Pour les chercheurs, cette IA pourrait par exemple servir d’aide pour identifier les auteurs d’un code malveillant, mais pas uniquement. Cette technique pourrait être utilisée pour savoir si un étudiant en programmation a plagié du code ou bien si le développeur d’une société a violé une clause de non-concurrence de son contrat.
Des sociétés profitent également de ces conférences pour faire quelques annonces. C’est le cas d’IBM et de Fortinet : ils unissent leurs forces dans la lutte contre les cybermenaces et mettent en commun leurs connaissances sur le sujet. Il s’agit surtout de profiter de l’exposition médiatique des conventions…
Elon Musk était également présent à Las Vegas pour répondre à quelques questions. Il en a profité pour annoncer (une nouvelle fois) que le système de sécurité intégré aux voitures électriques Tesla serait proposé en open source et utilisable gratuitement par ses concurrents. Reste maintenant à savoir quand et sous quelle forme, deux points qui n’ont apparemment pas du tout été évoqués.
Pour le patron de Tesla et SpaceX, la priorité est d’empêcher un « piratage à l’échelle de la flotte », où un pirate pourrait par exemple prendre le contrôle de toutes les voitures Tesla en circulation. Le fabricant de voitures a d’ailleurs mis à jour sa page sur la « sécurité du produit » pour y ajouter des mentions concernant les chercheurs en sécurité attaquant les voitures de bonne foi.

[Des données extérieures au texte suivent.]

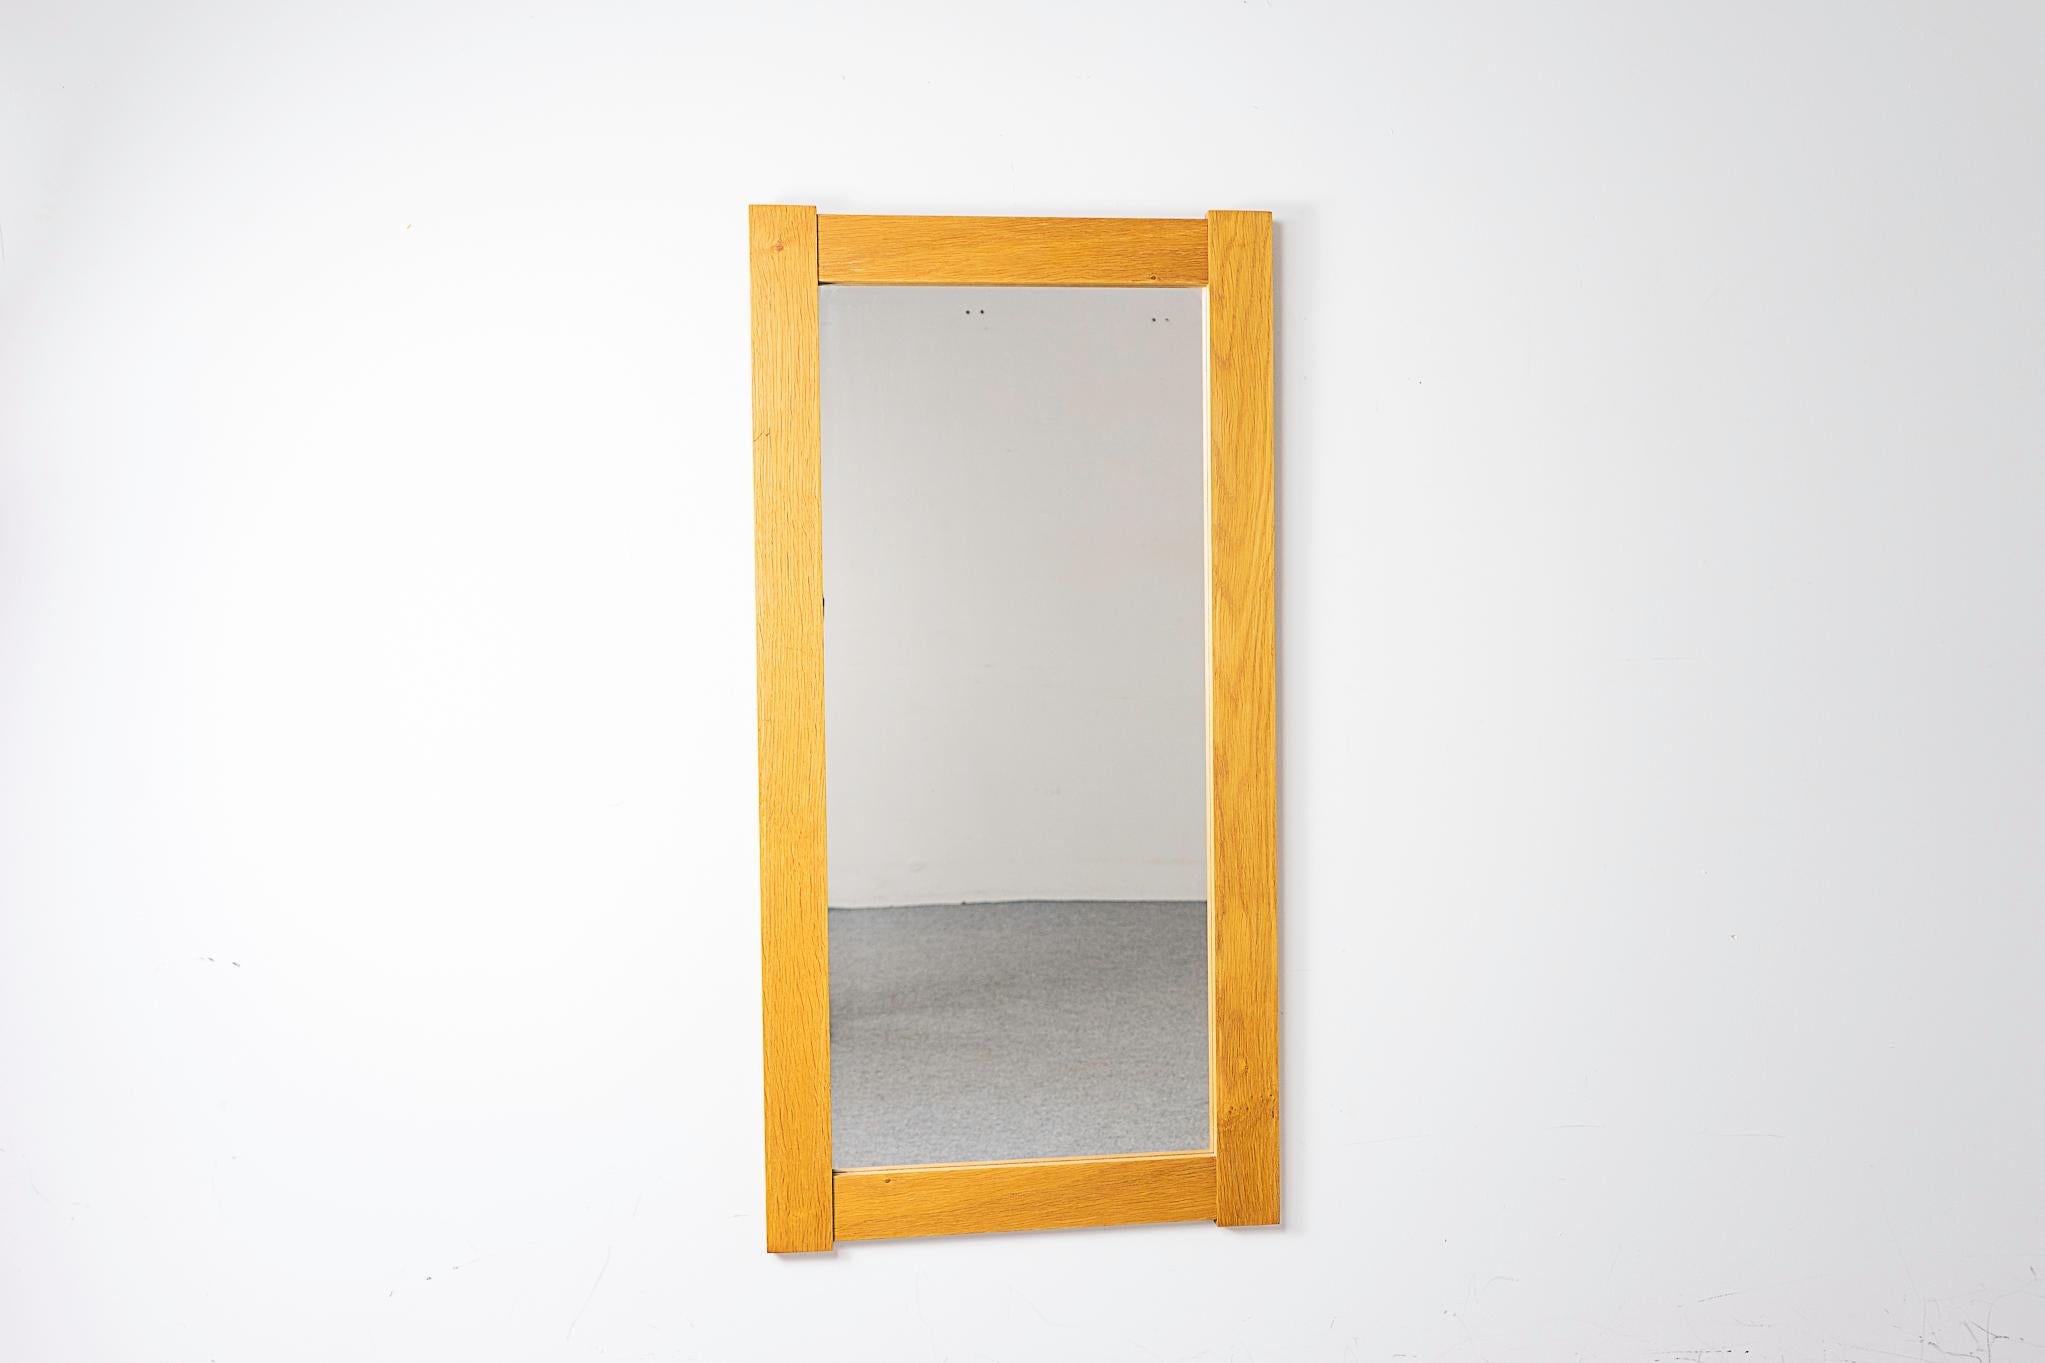 Oak mid-century Danish mirror, circa 1960's. The perfect compliment to any interior especially in small apartments, condos and lofts where space can be tight.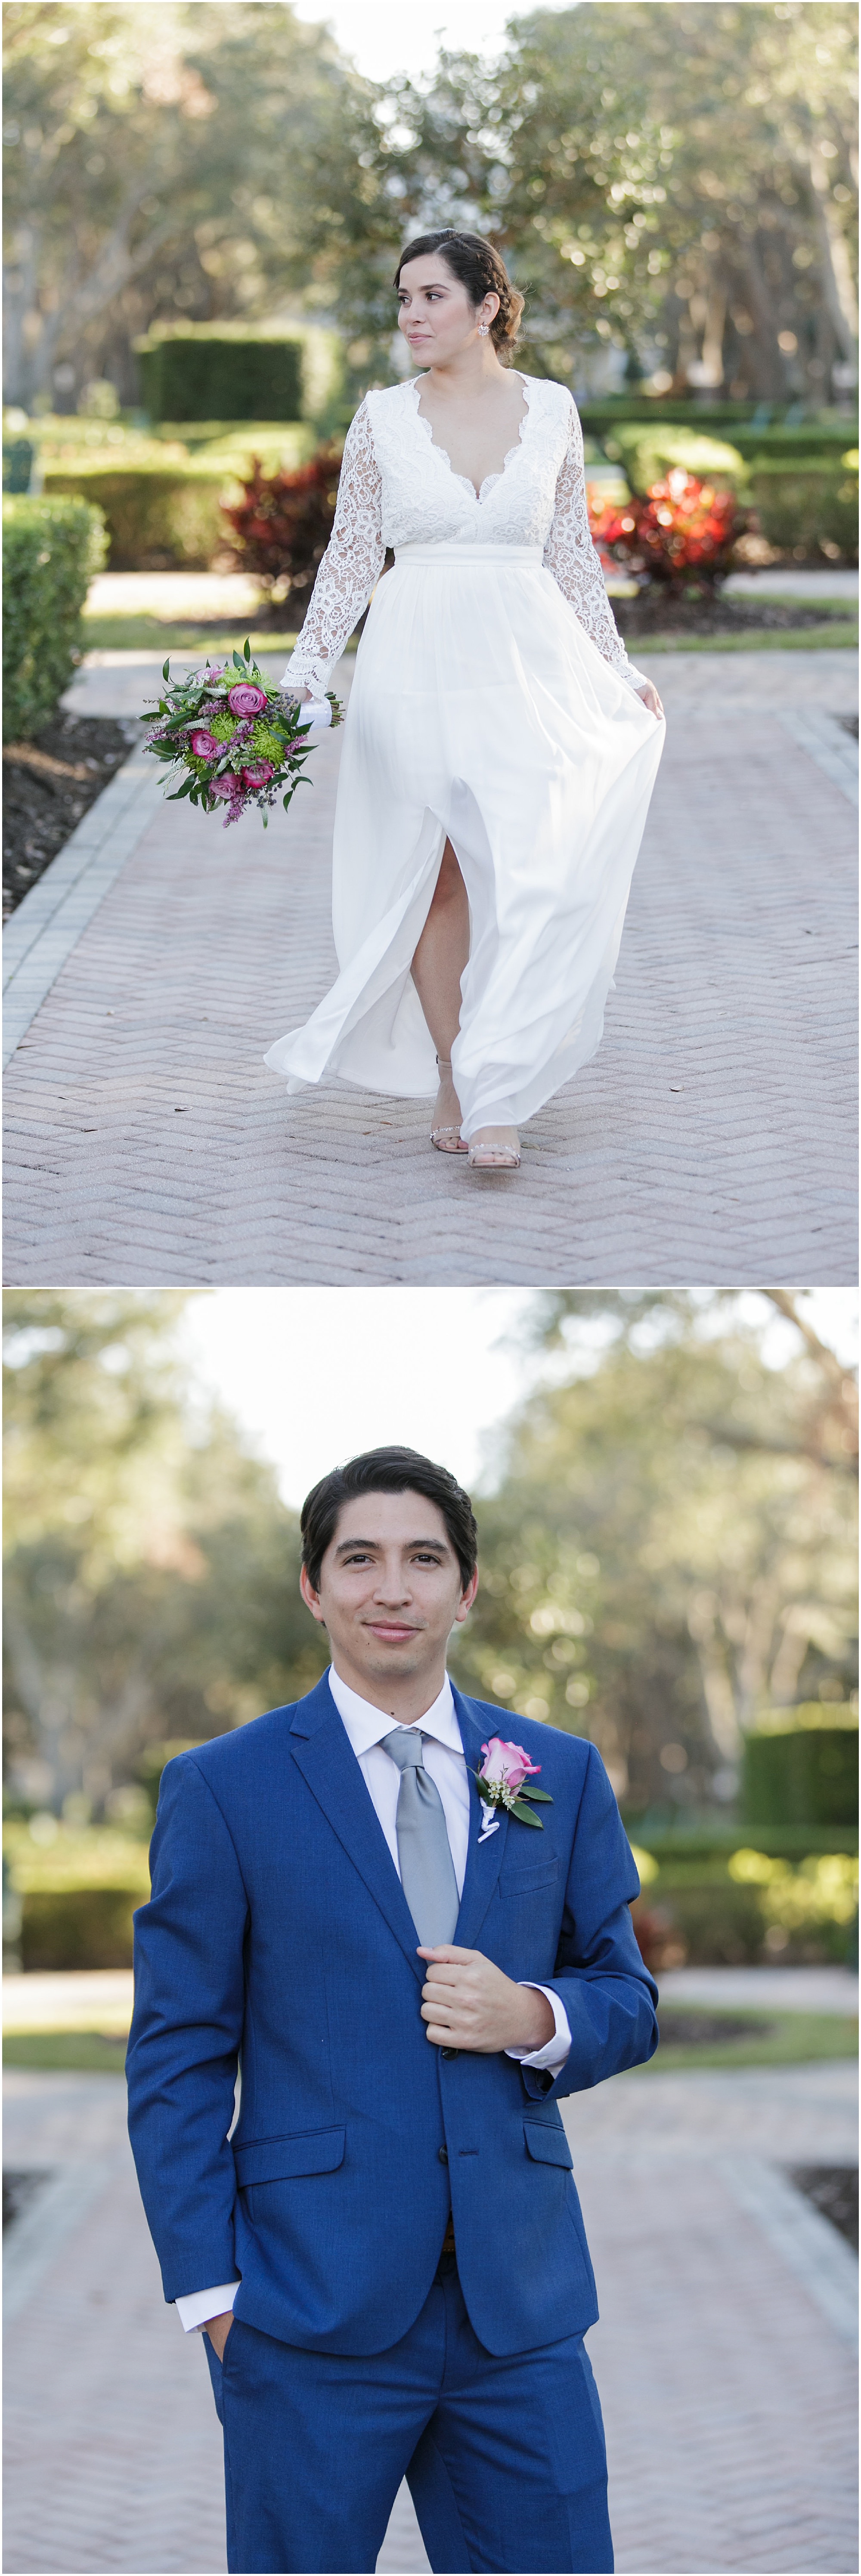 One photo of the bride walking down the sidewalk and another photo of the groom in a blue suit.

En cas de briquage de la voiture, le fabricant « déploiera des efforts raisonnables pour mettre à jour ou “rediffuser” le logiciel ». De plus, il n’intentera d’action en justice pour « violation du droit d’auteur en vertu du Digital Millennium Copyright Act («DMCA») contre un chercheur de sécurité préapprouvé et de bonne foi qui contourne le mécanisme de sécurité tant qu’il n’accède à aucun autre code ou binaire ».
Great Q&A @defcon last night. Thanks for helping make Tesla & SpaceX more secure! Planning to open-source Tesla vehicle security software for free use by other car makers. Extremely important to a safe self-driving future for all.